Repeat only the lines from the one containing "Marcos Mendonça's profile banner" to the final line below, exactly as they read, and leave every picture out.

________________________________________

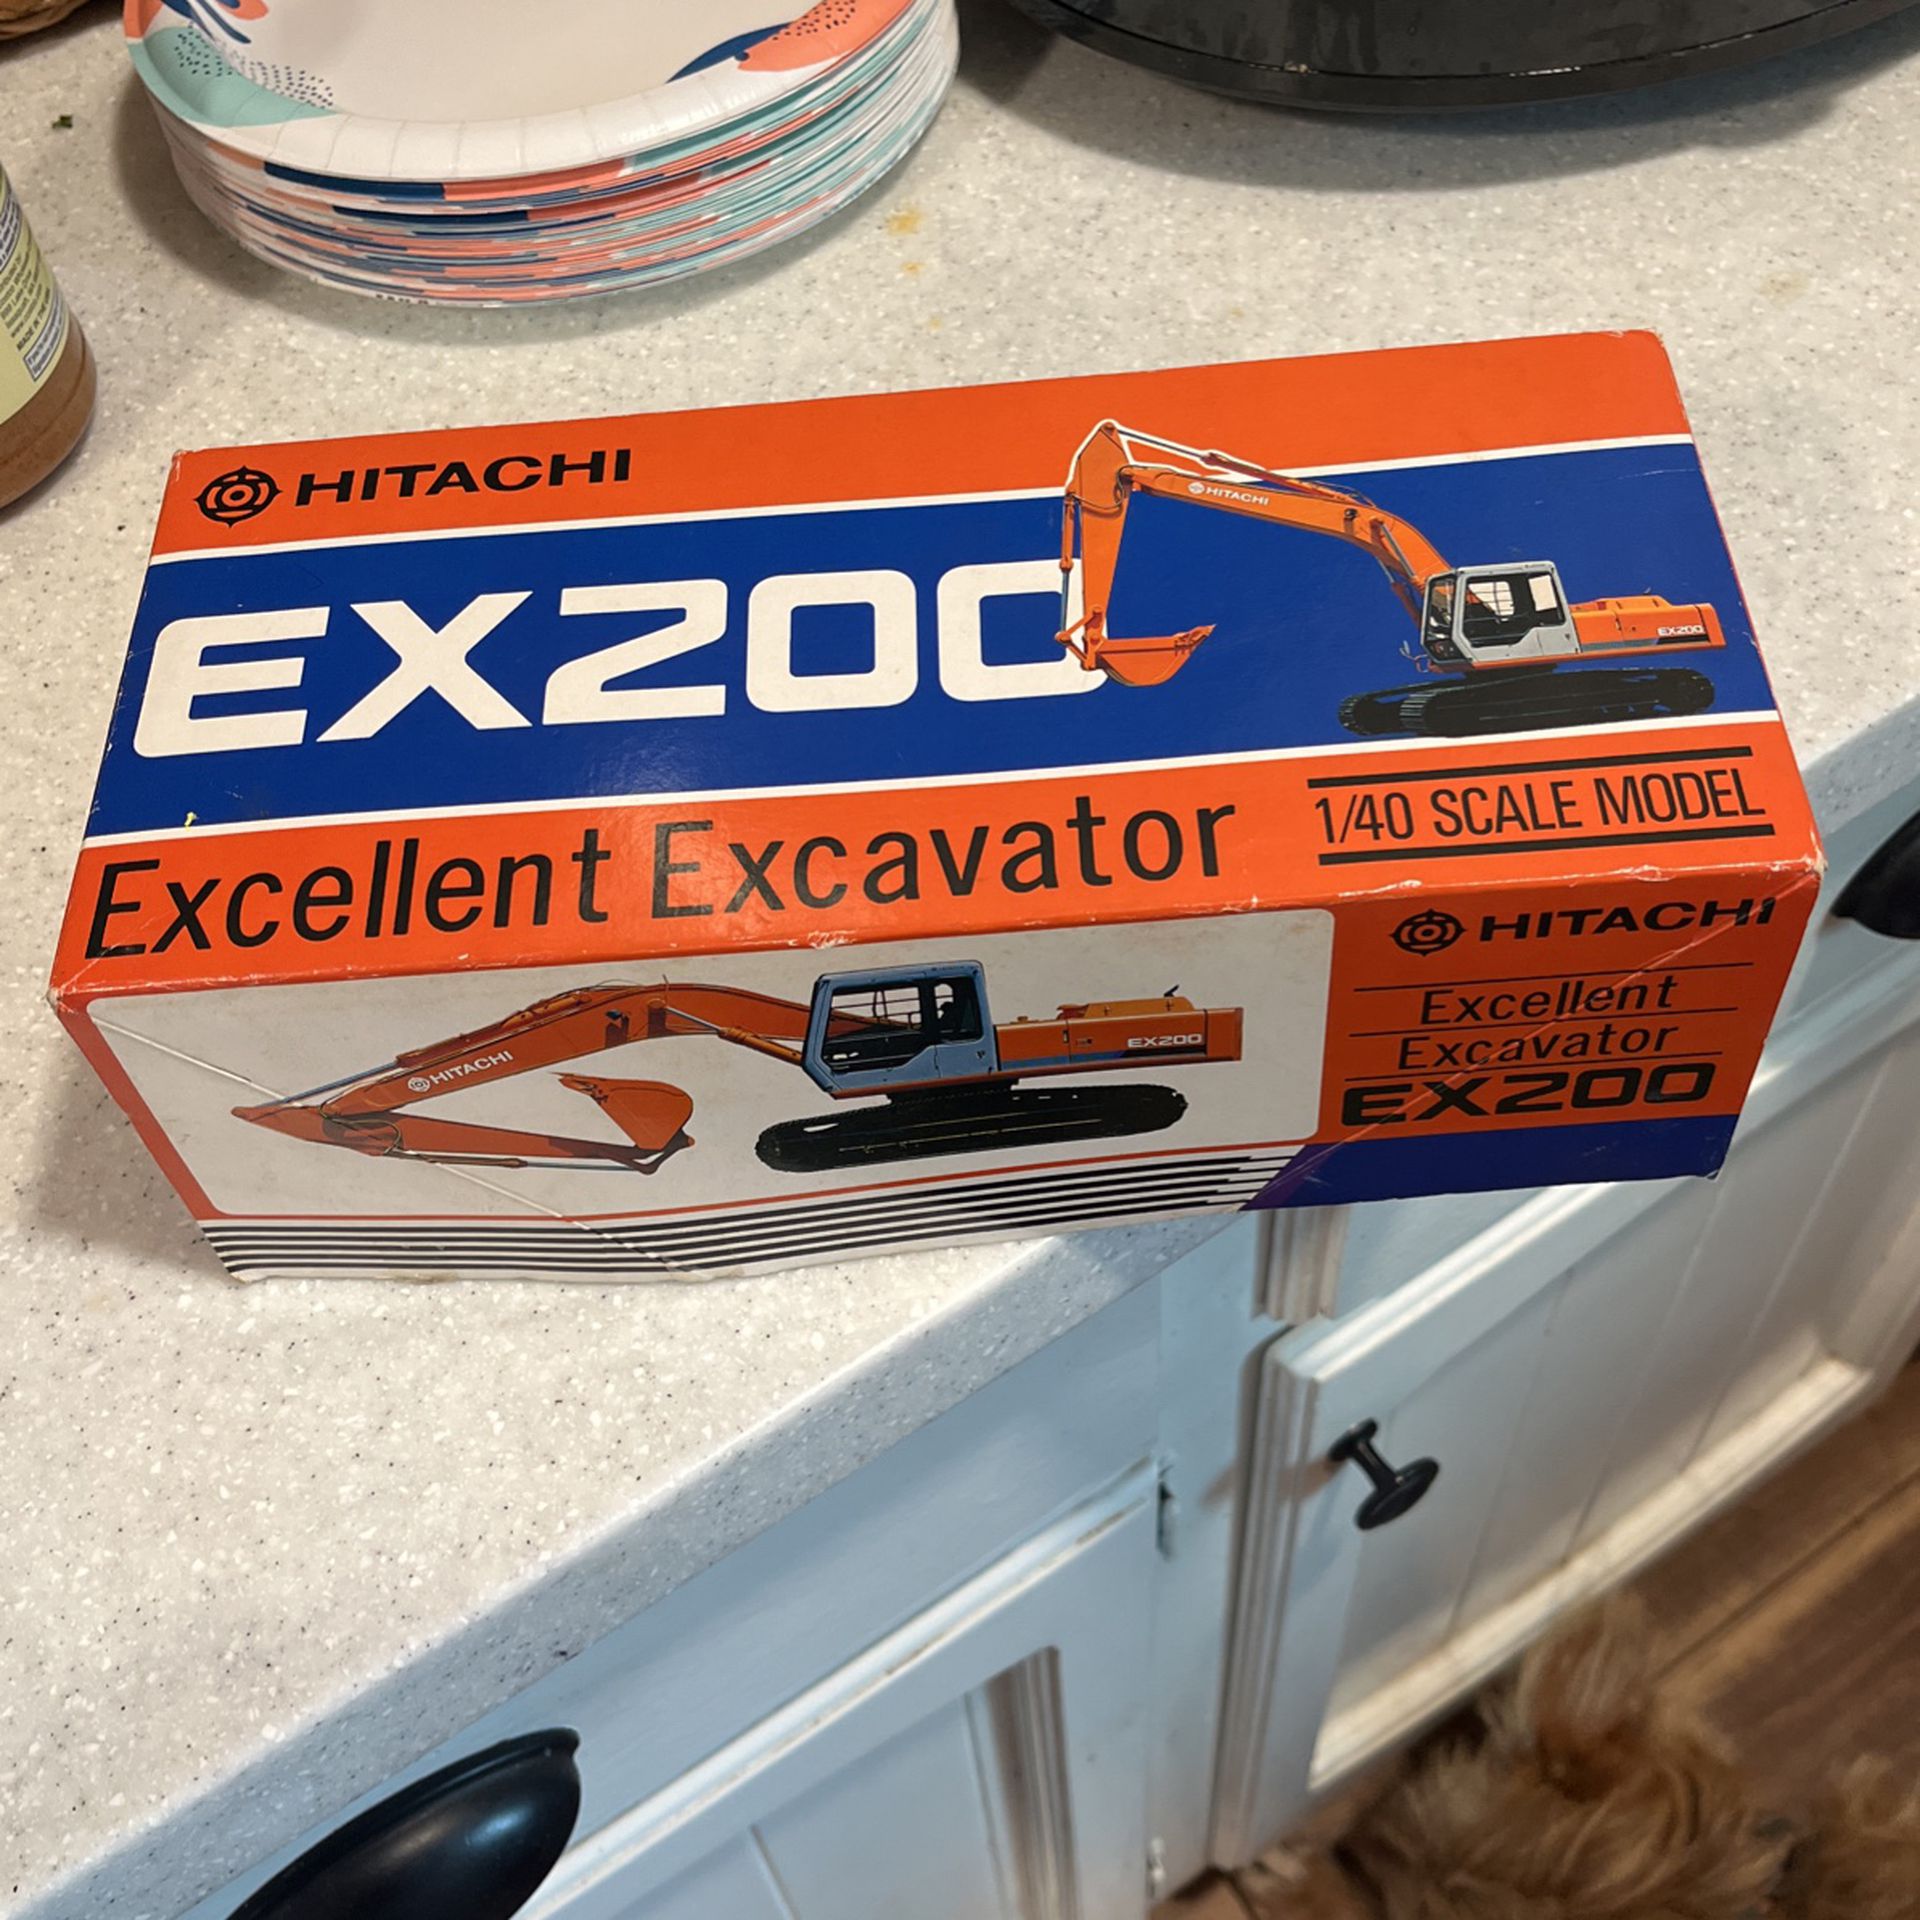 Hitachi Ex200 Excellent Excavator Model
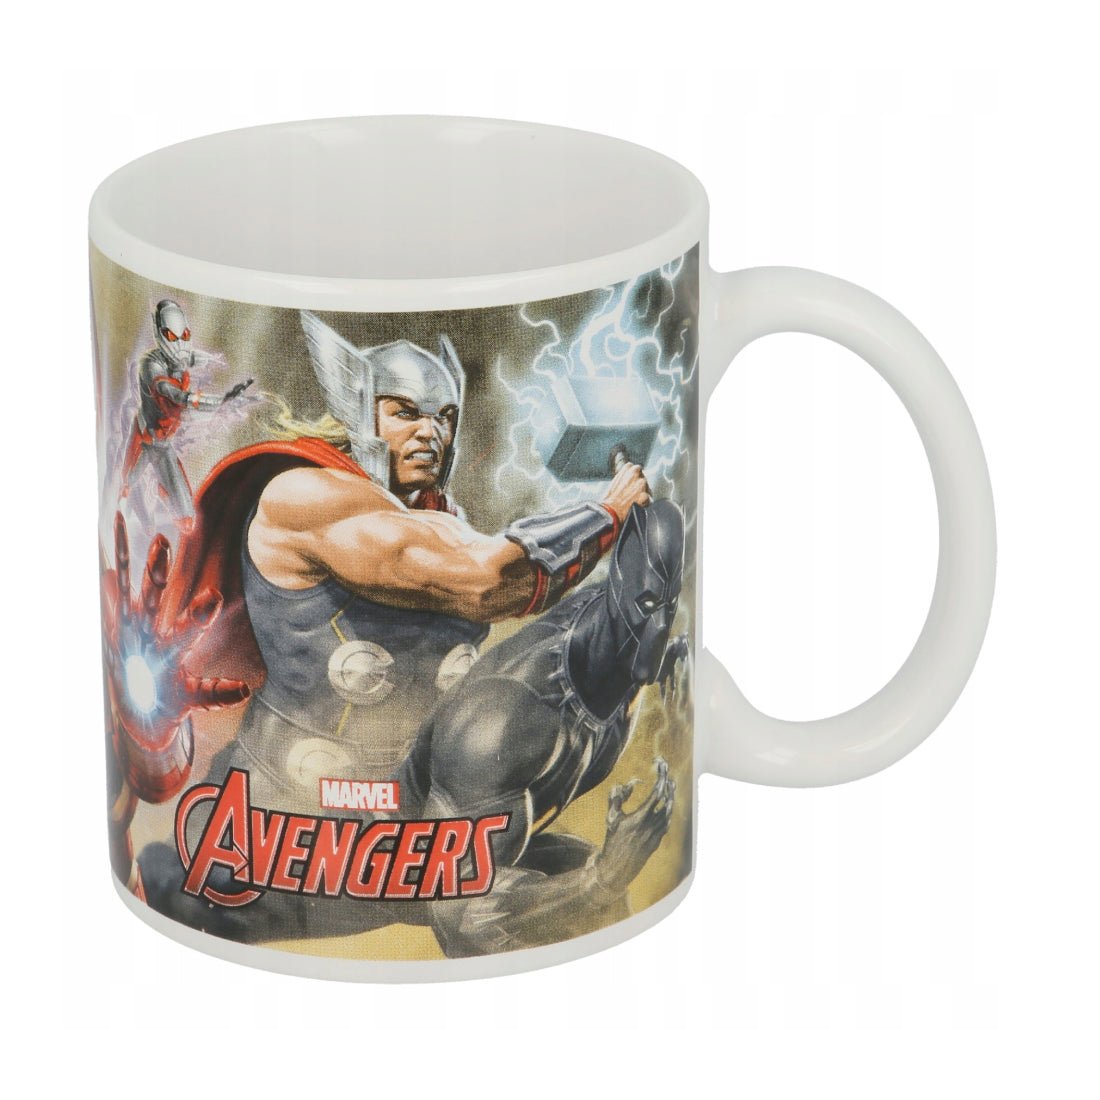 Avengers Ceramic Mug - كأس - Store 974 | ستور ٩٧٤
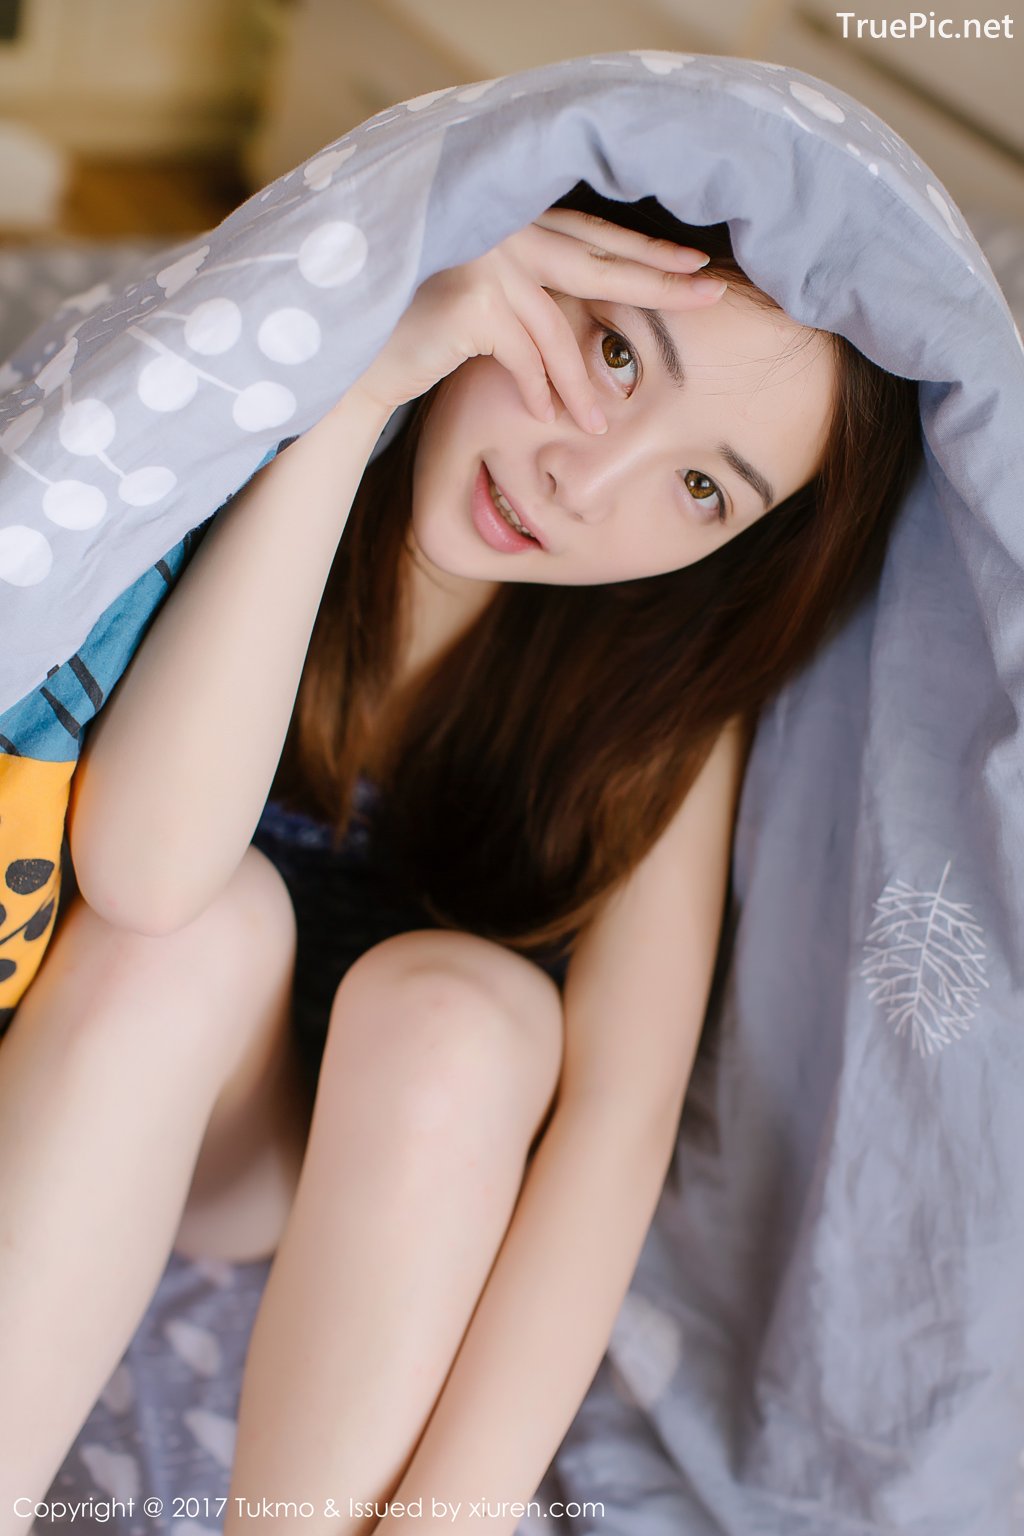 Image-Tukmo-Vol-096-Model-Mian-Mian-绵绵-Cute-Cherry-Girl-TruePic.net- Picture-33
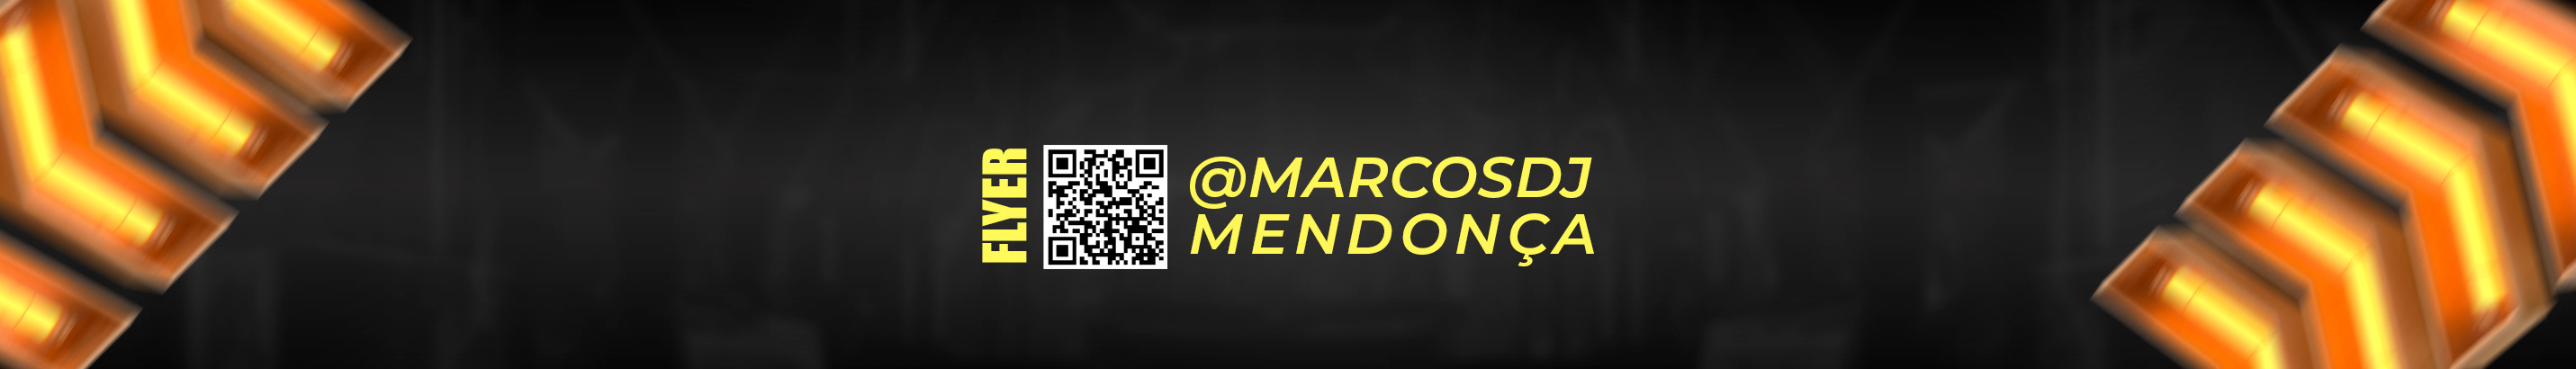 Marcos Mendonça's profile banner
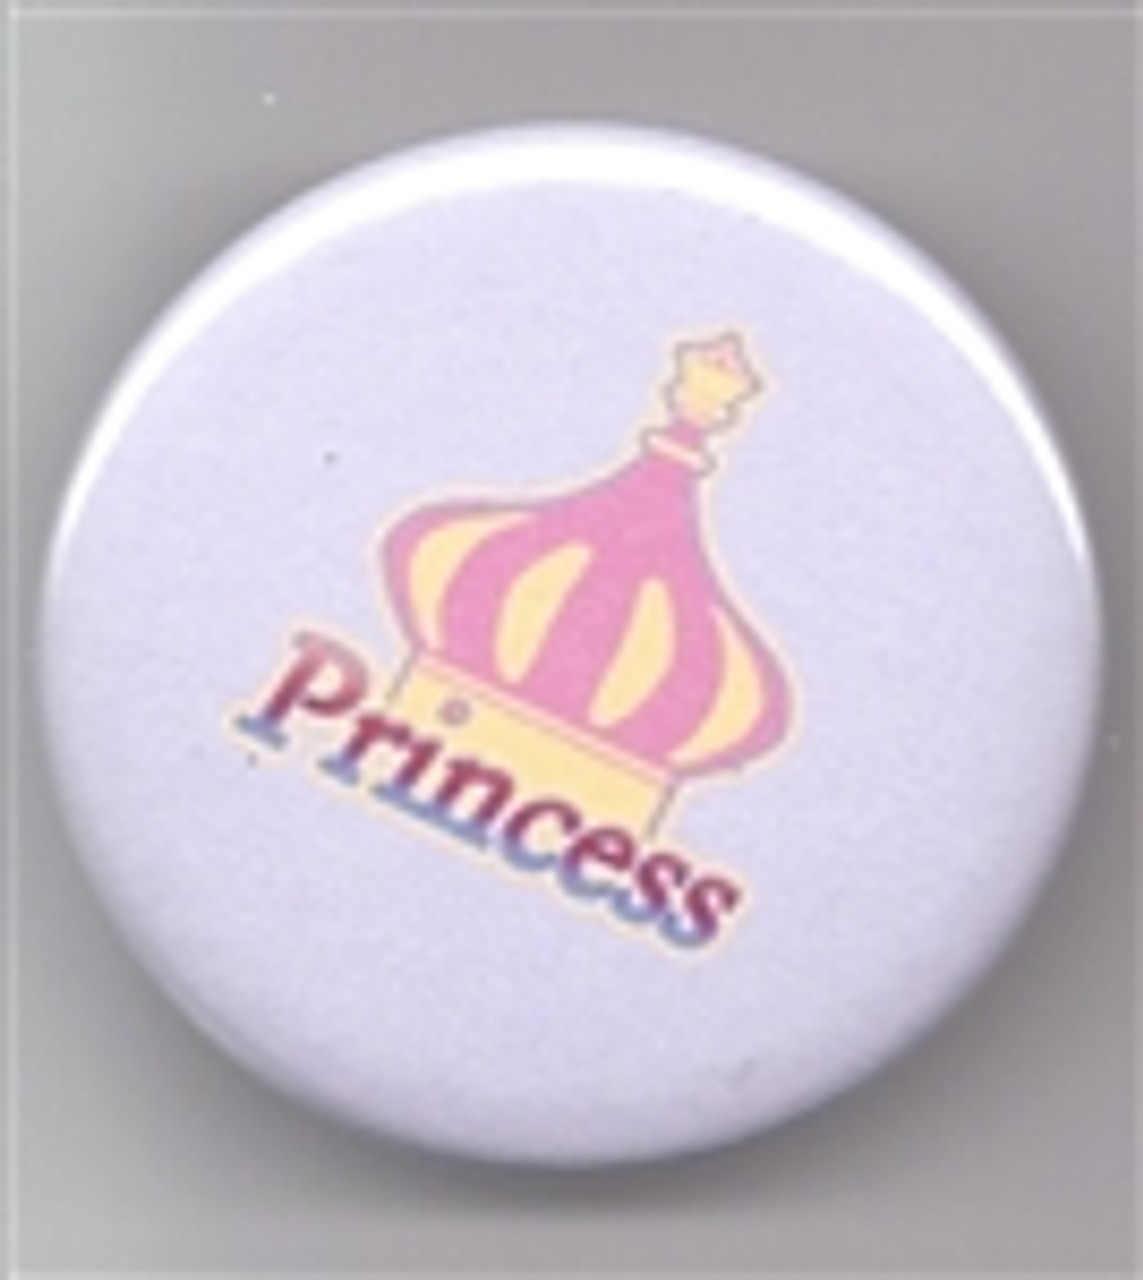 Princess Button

________________________________________

#### OUTPUT BELOW:
 Marcos Mendonça's profile banner
 Princess Button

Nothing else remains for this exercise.